You are viewing a plain text version of this content. The canonical link for it is here.
Posted to mapreduce-user@hadoop.apache.org by Yang <te...@gmail.com> on 2012/01/17 22:01:49 UTC

controlling where a map task runs?

I understand that normally map tasks are run close to the input files.

but in my application, the input file is a txt file with many lines of
query param, and the mapper reads out each line,
use the params in the line to query a local db file (for example sqlite3 ),
so the query itself takes a lot of time,
and the input query param is very small. so in this case the time to fetch
the input file is negligible . the db file is
always sitting on all the boxes in the cluster, so there is no time to copy
the db.


the problem is , when I have an empty cluster (100 nodes), and have a task
with only 4 mappers, hadoop schedules out the 4 mappers all on the same
node, likely close to where the data is. but since the run time here is
mostly determined by CPU and disk seeking,
I would like to spread them out as much as possible.

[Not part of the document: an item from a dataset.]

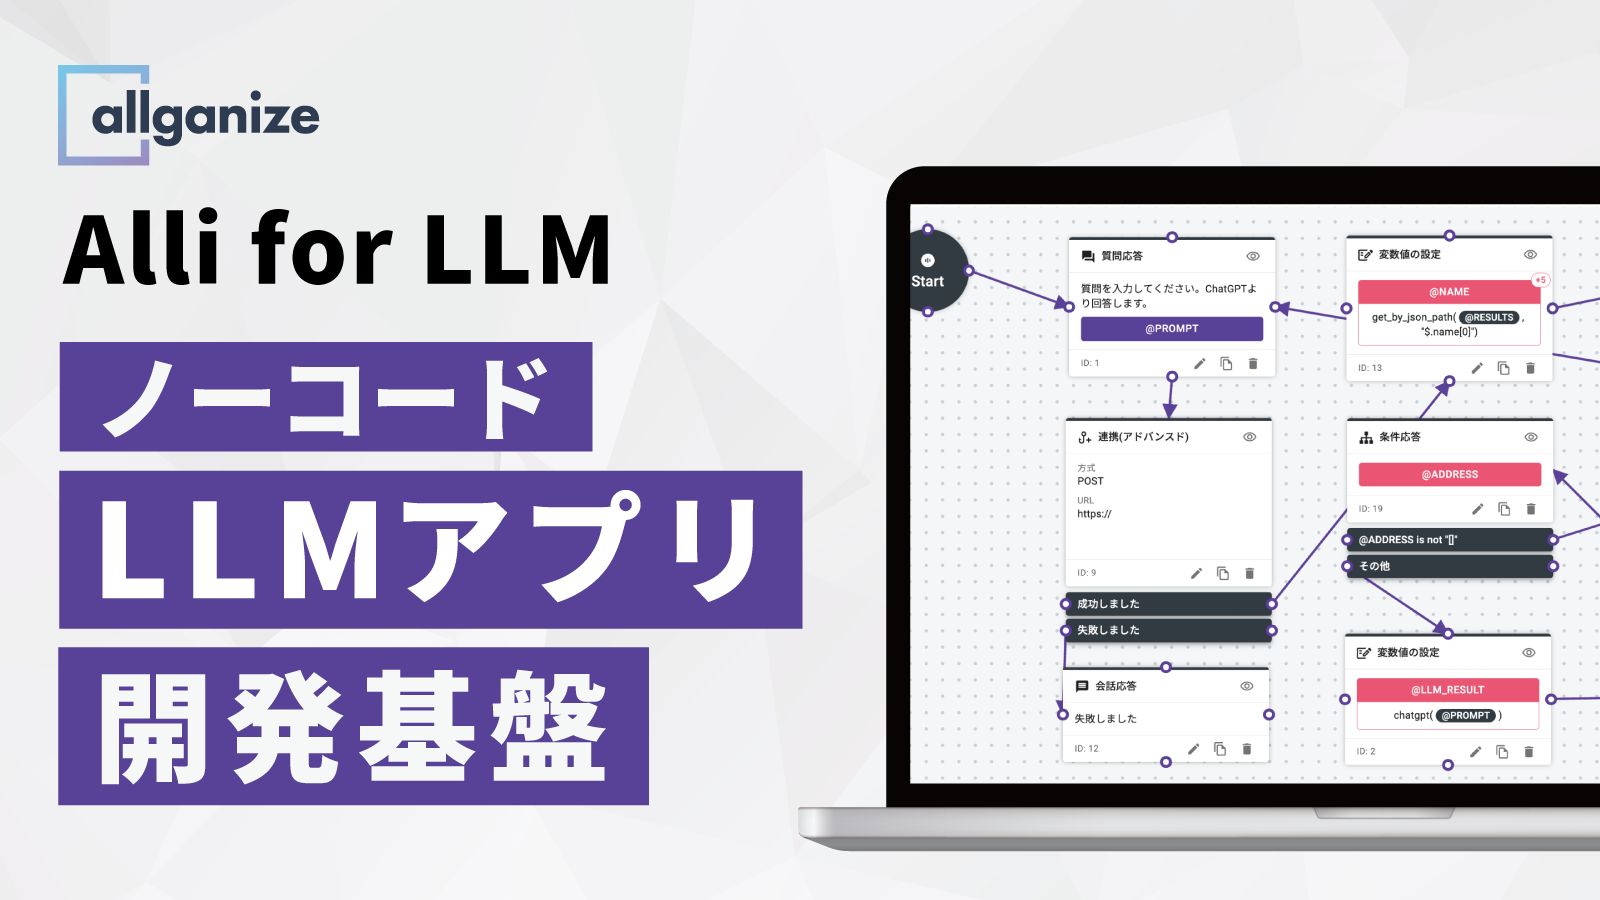 ■お知らせ■ 自社環境で独自のLLMアプリケーションを構築可能なノーコード開発基盤「Alli for LLM」を提供開始
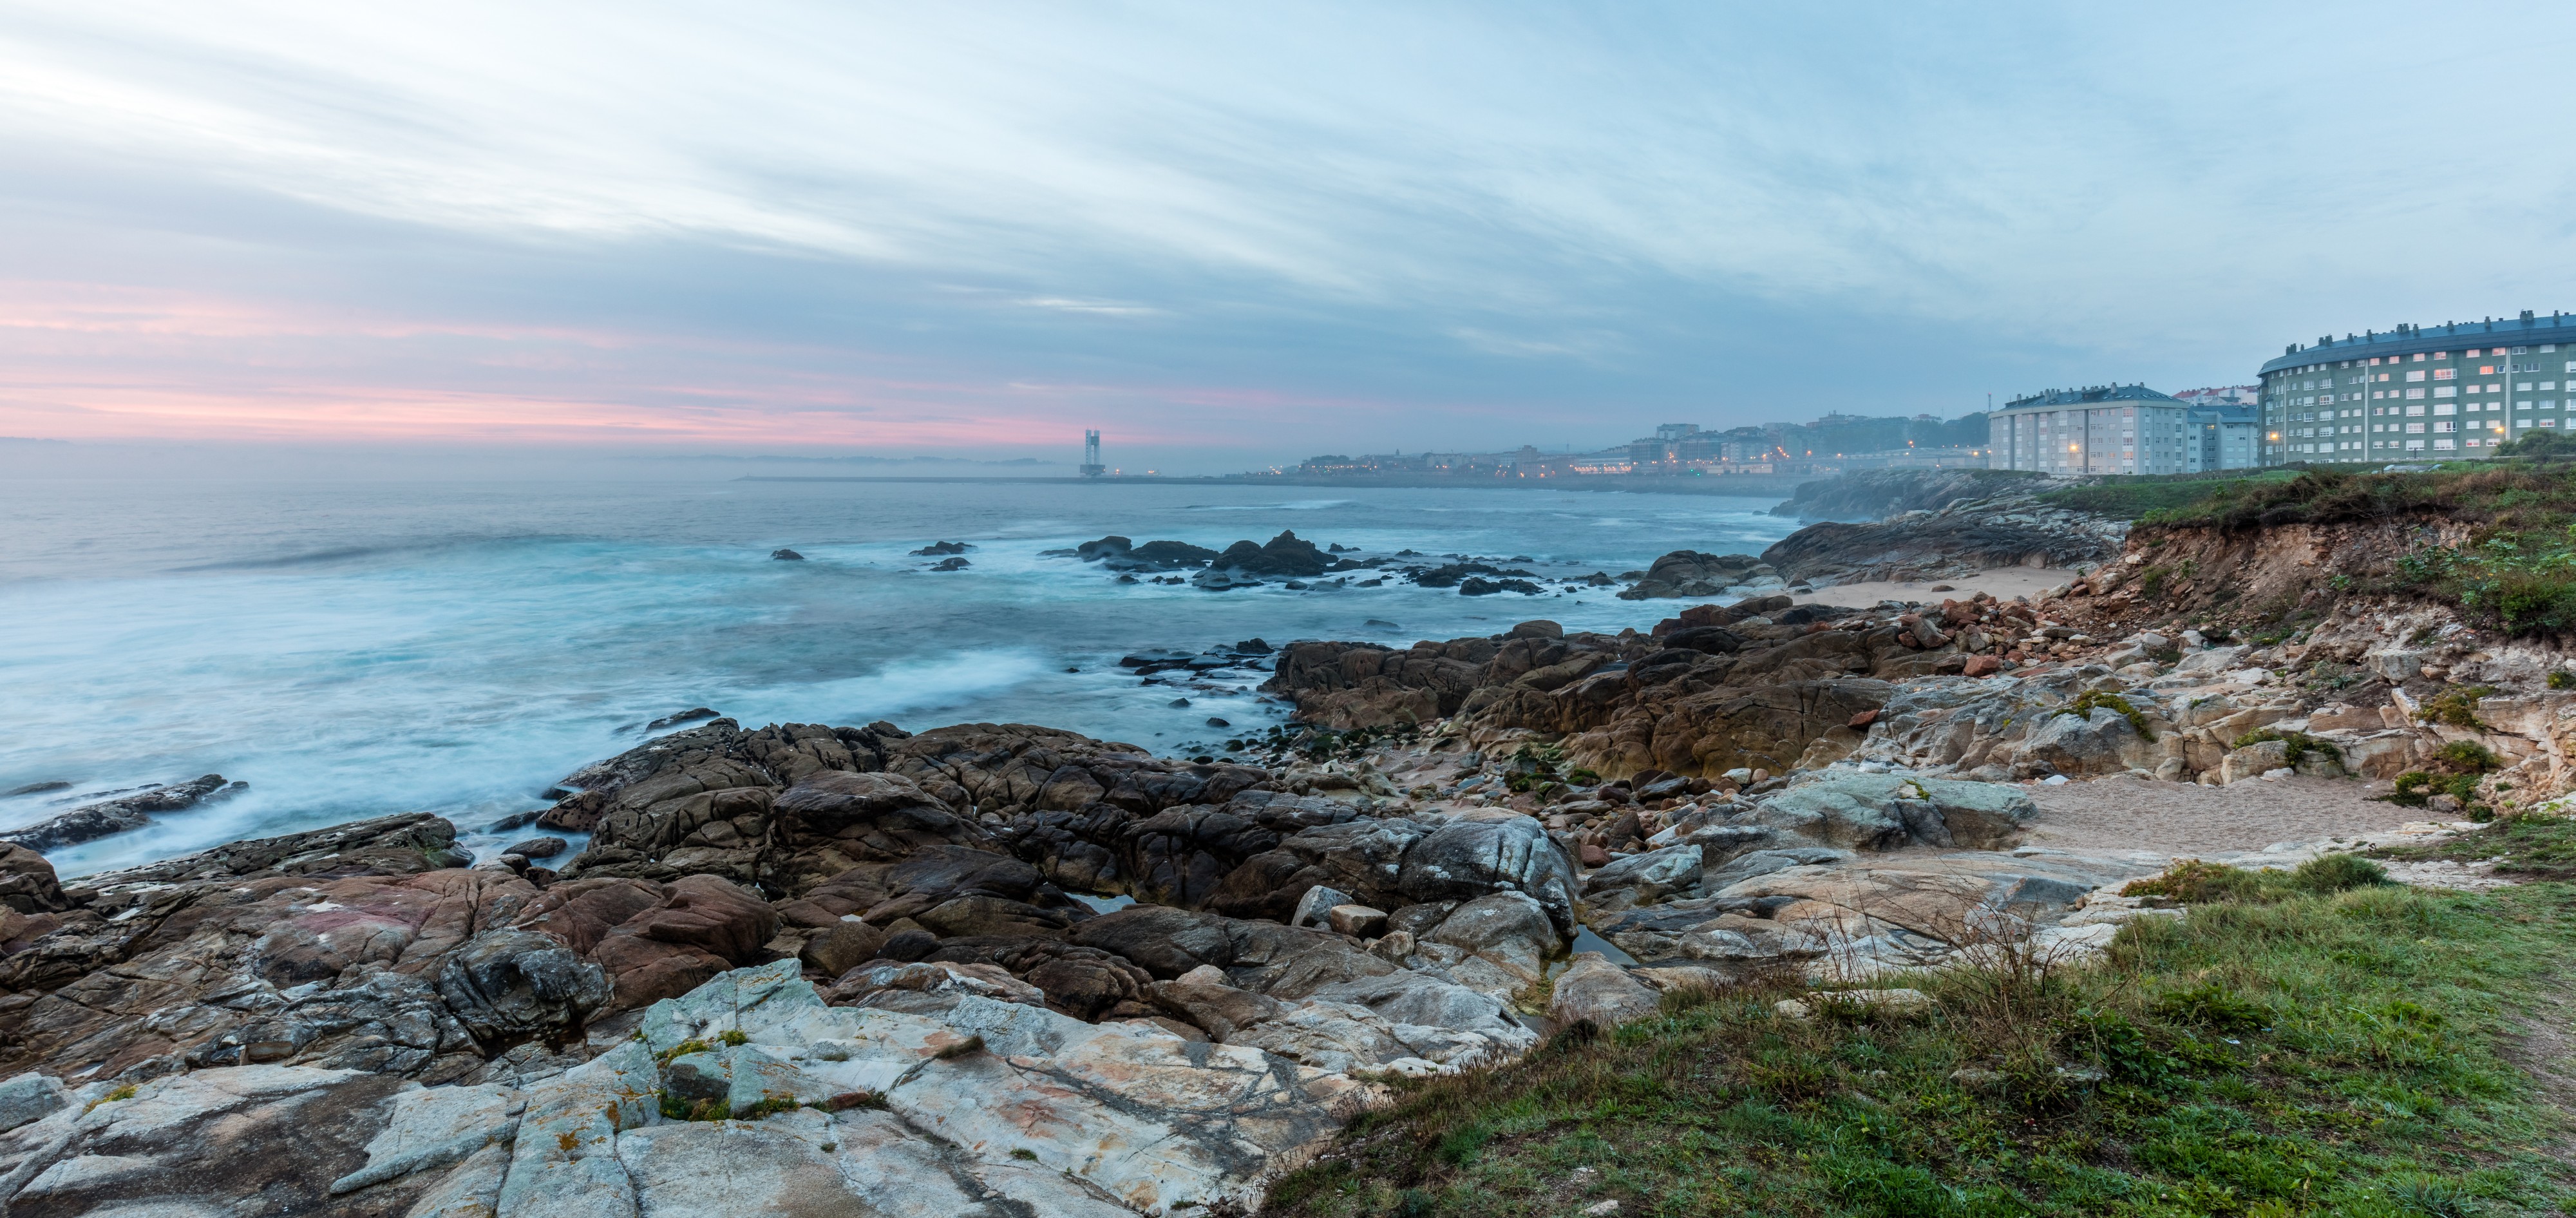 Costa de La Coruña, España, 2015-09-25, DD 14-16 HDR

given  that the data is already present only on 1 node, how is it possible
to spread out my mappers?

Thanks
Yang

Re: controlling where a map task runs?

Posted by Rohit Kelkar <ro...@gmail.com>.
You could try NLineInputFormat. If N = 1 then the number of mappers
would be equal to the number of lines in your file. Now if the number
of mappers required is greater than max number of mappers that can be
run on a node then I think that the remaining mappers would get
scheduled on the other nodes in the clusters without obeying the data
locality. Of course N=1 is an extreme case, you could try changing the
value of N based on the number of lines in your input file.

- Rohit Kelkar

On Wed, Jan 18, 2012 at 2:31 AM, Yang <te...@gmail.com> wrote:
> I understand that normally map tasks are run close to the input files.
>
> but in my application, the input file is a txt file with many lines of query
> param, and the mapper reads out each line,
> use the params in the line to query a local db file (for example sqlite3 ),
> so the query itself takes a lot of time,
> and the input query param is very small. so in this case the time to fetch
> the input file is negligible . the db file is
> always sitting on all the boxes in the cluster, so there is no time to copy
> the db.
>
>
> the problem is , when I have an empty cluster (100 nodes), and have a task
> with only 4 mappers, hadoop schedules out the 4 mappers all on the same
> node, likely close to where the data is. but since the run time here is
> mostly determined by CPU and disk seeking,
> I would like to spread them out as much as possible.
>
> given  that the data is already present only on 1 node, how is it possible
> to spread out my mappers?
>
> Thanks
> Yang